Task to complete:
Your output should be exactly the lines from the one containing "NVIDIA GTC on" through the final line of the following data, please, with no pictures.

-------- Raw data --------

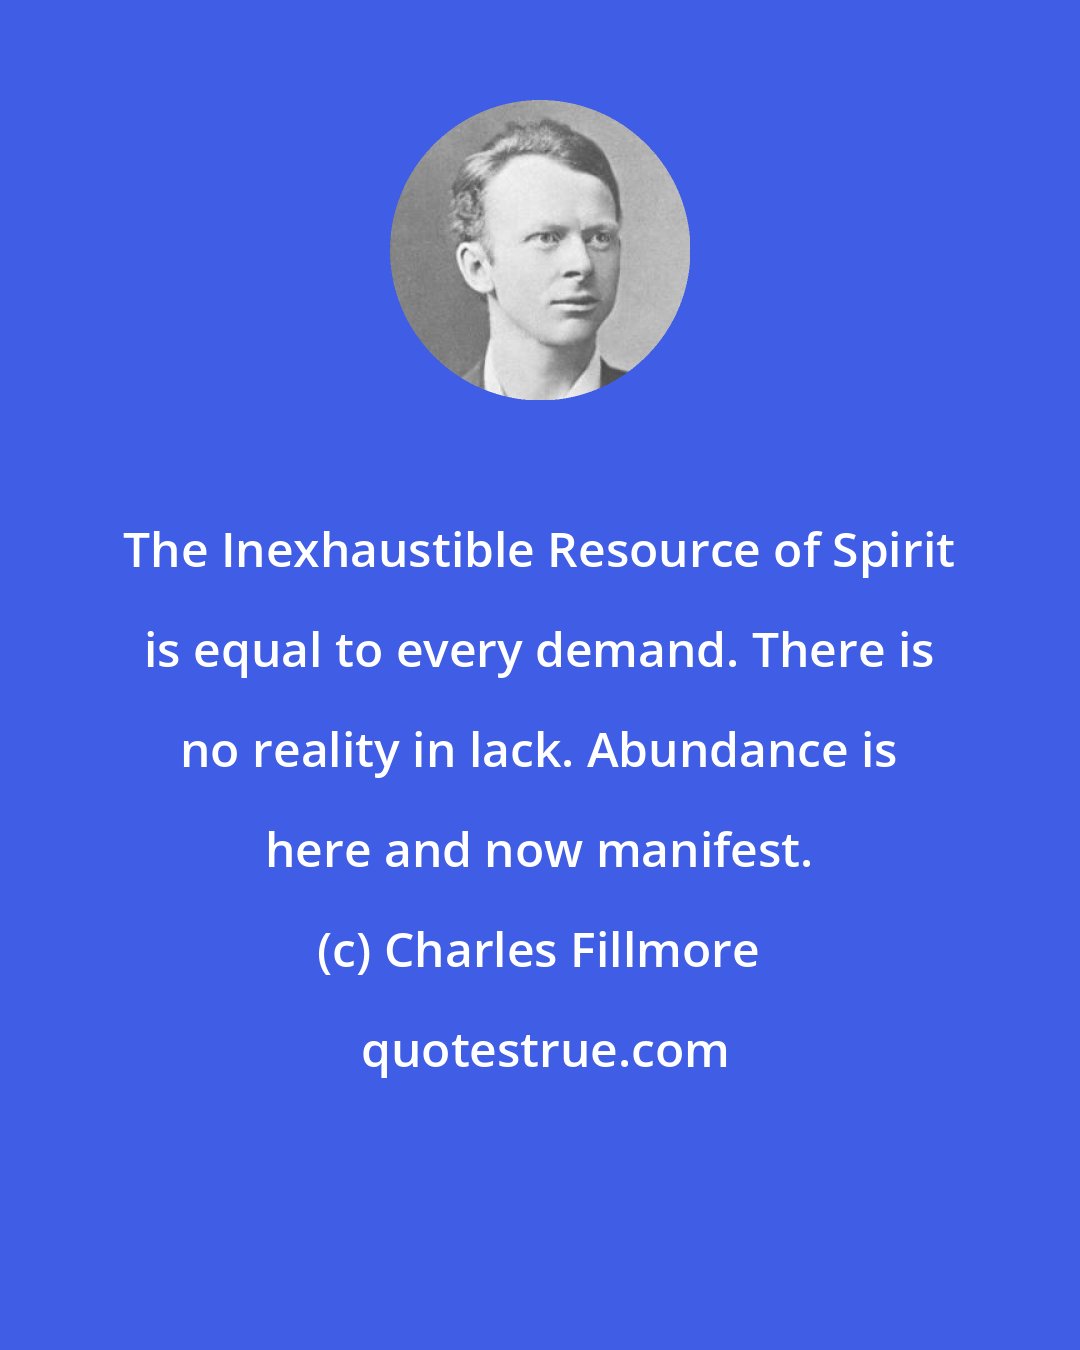 Charles Fillmore: The Inexhaustible Resource of Spirit is equal to every demand. There is no reality in lack. Abundance is here and now manifest.
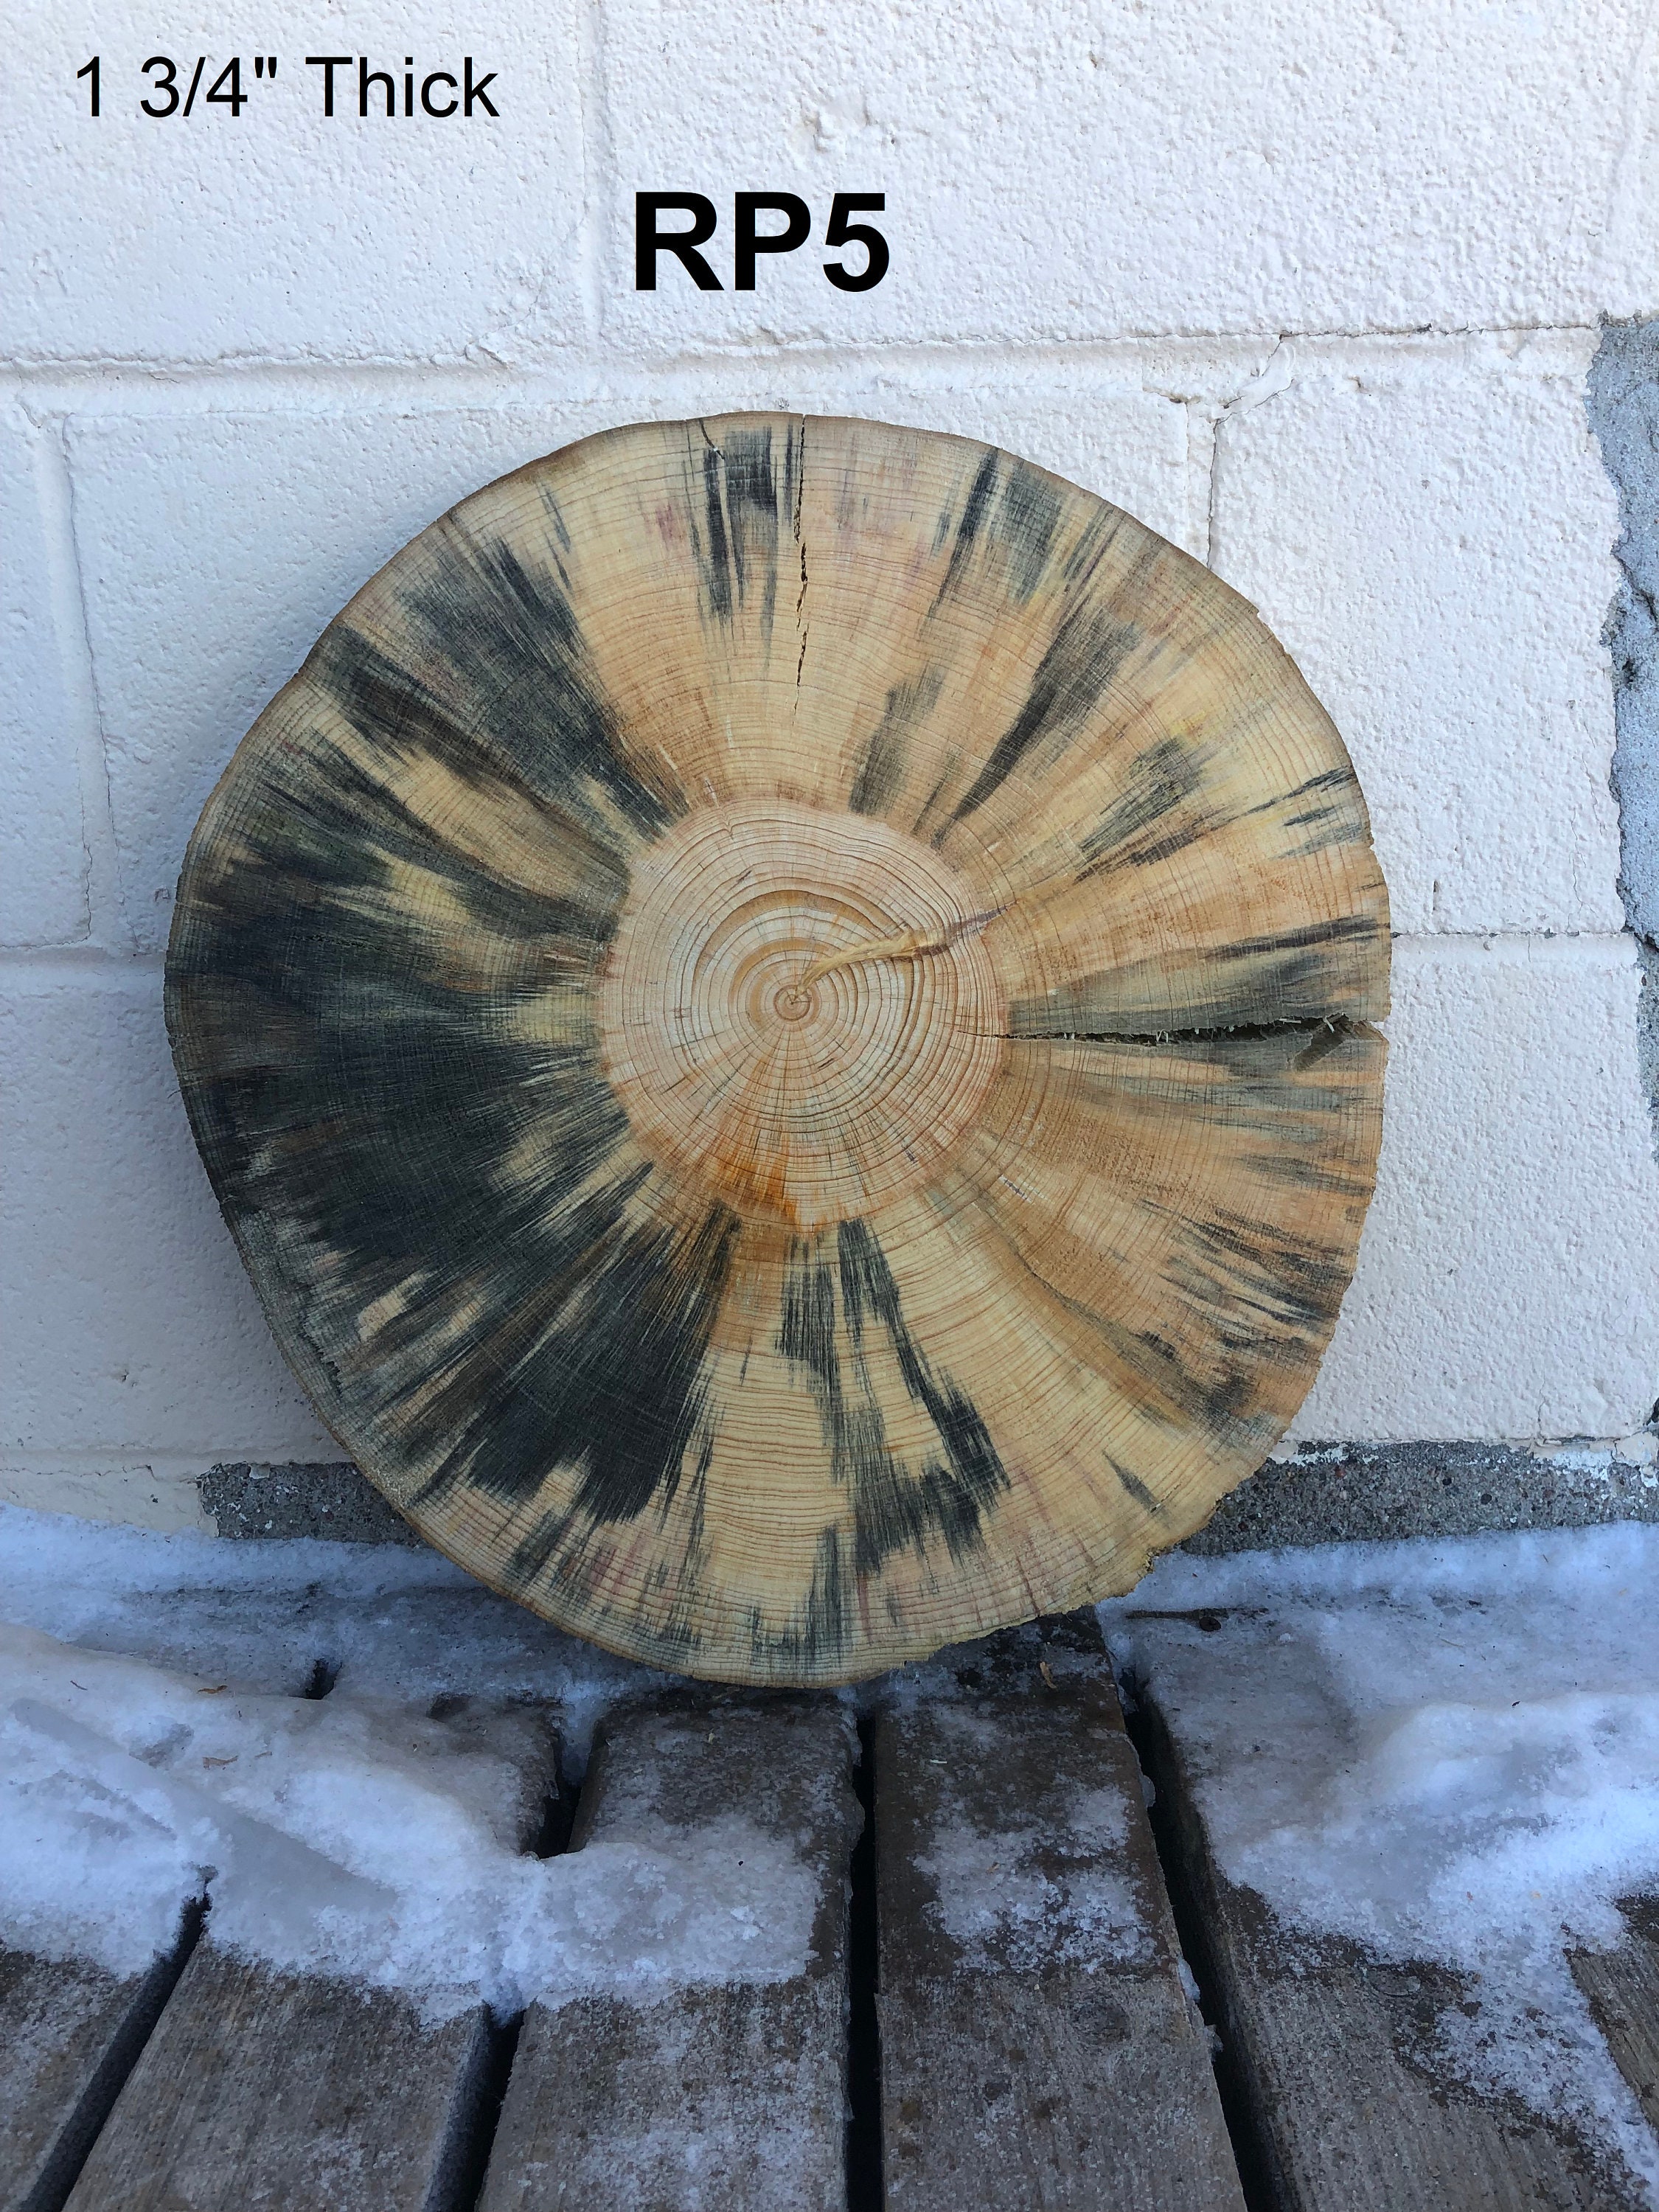 Set of 11-12 Inch Wood Slices for Rustic Wedding Centerpieces Natural Wood  Slices, Log Slices, Tree Slices, Wood Cuts, Wood Stump Slices 
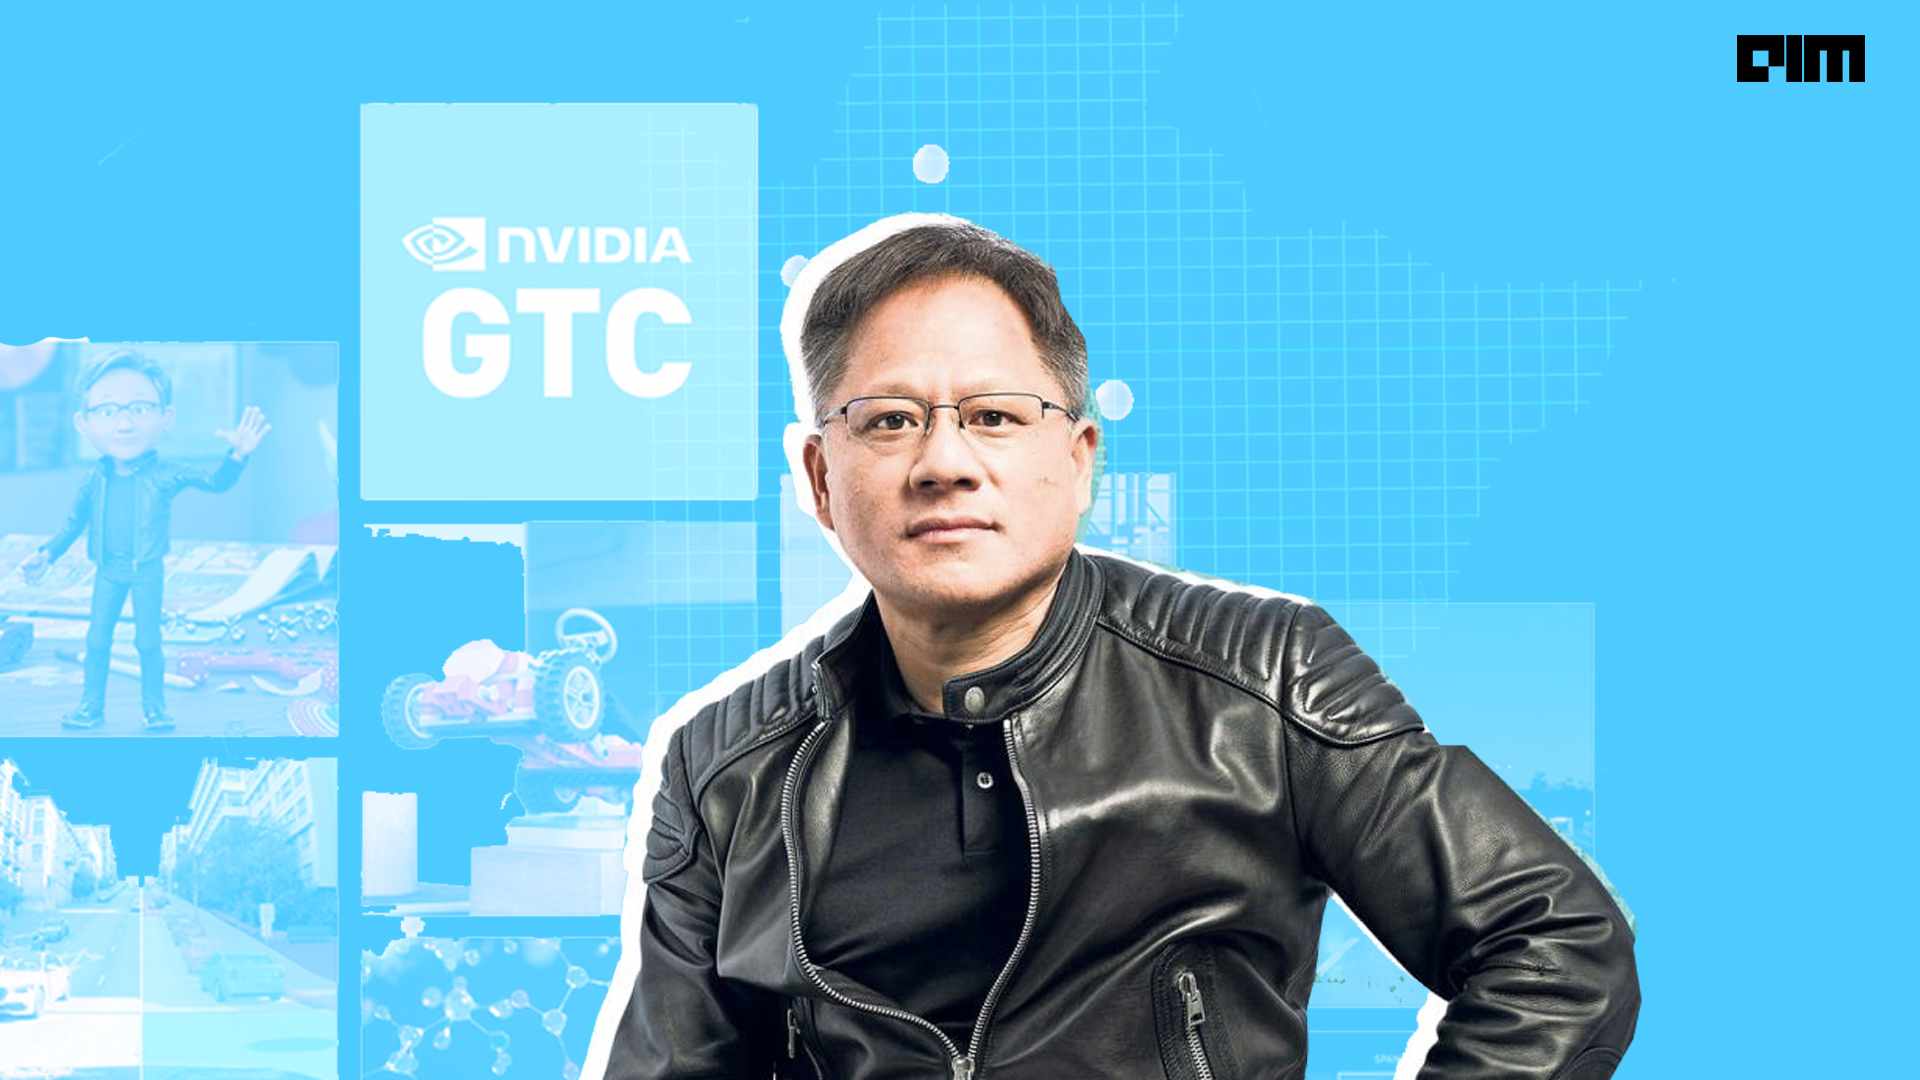 NVIDIA GTC on X: Save the date for the #GTC22 keynote! Hear NVIDIA CEO and  Founder Jensen Huang unveil the latest breakthroughs and see the  innovations that are transforming every industry. Join
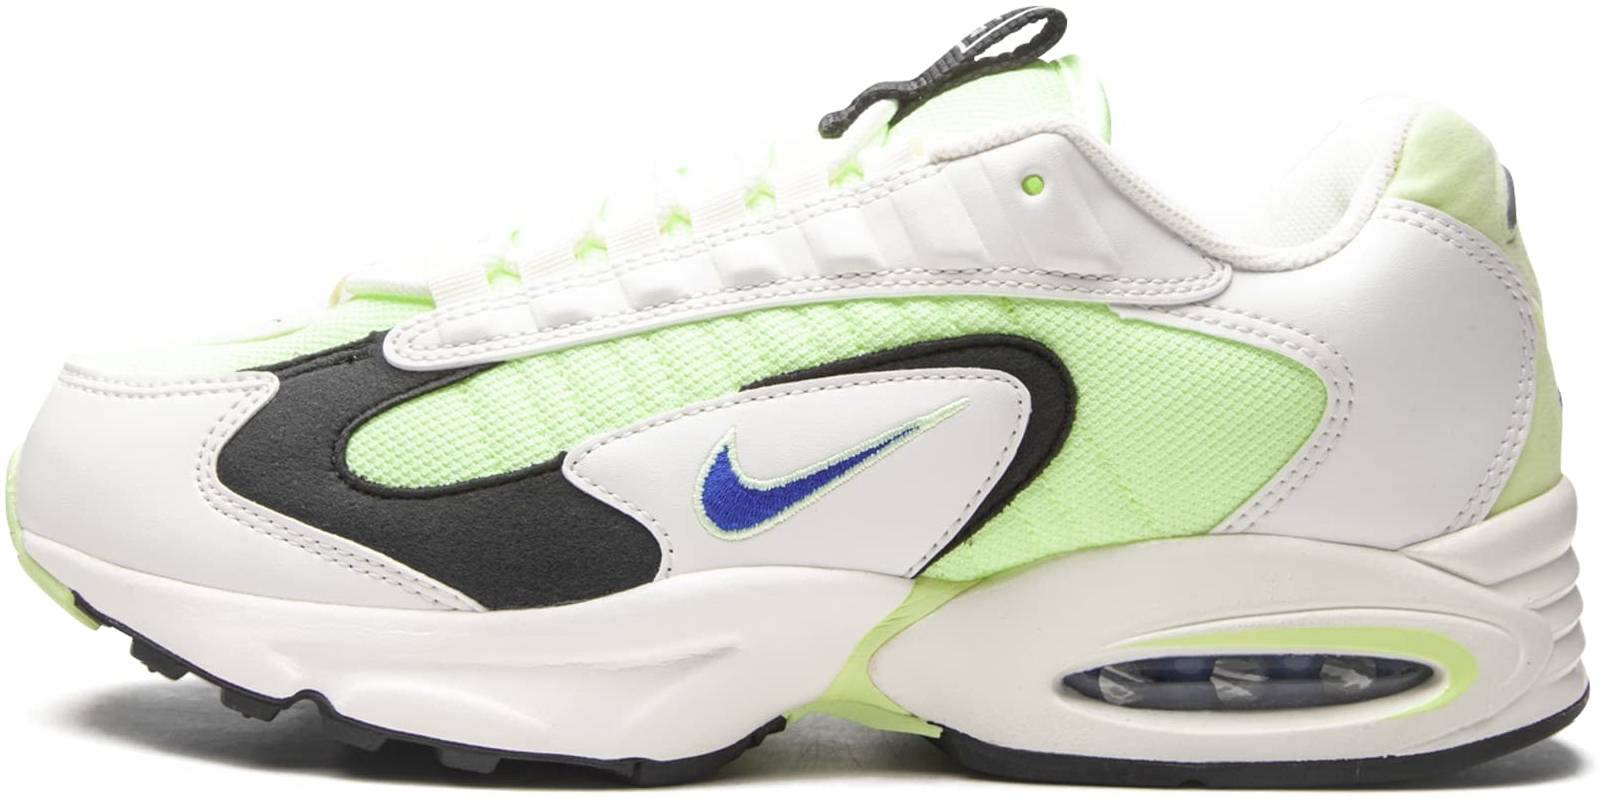 Nike Air Max Triax 96 sneakers in 5 colors (only $79) | RunRepeat

--------

Exercise answer:
 NVIDIA GTC on X: Save the date for the #GTC22 keynote! Hear NVIDIA CEO and  Founder Jensen Huang unveil the latest breakthroughs and see the  innovations that are transforming every industry. Join
 Nike Air Max Triax 96 sneakers in 5 colors (only $79) | RunRepeat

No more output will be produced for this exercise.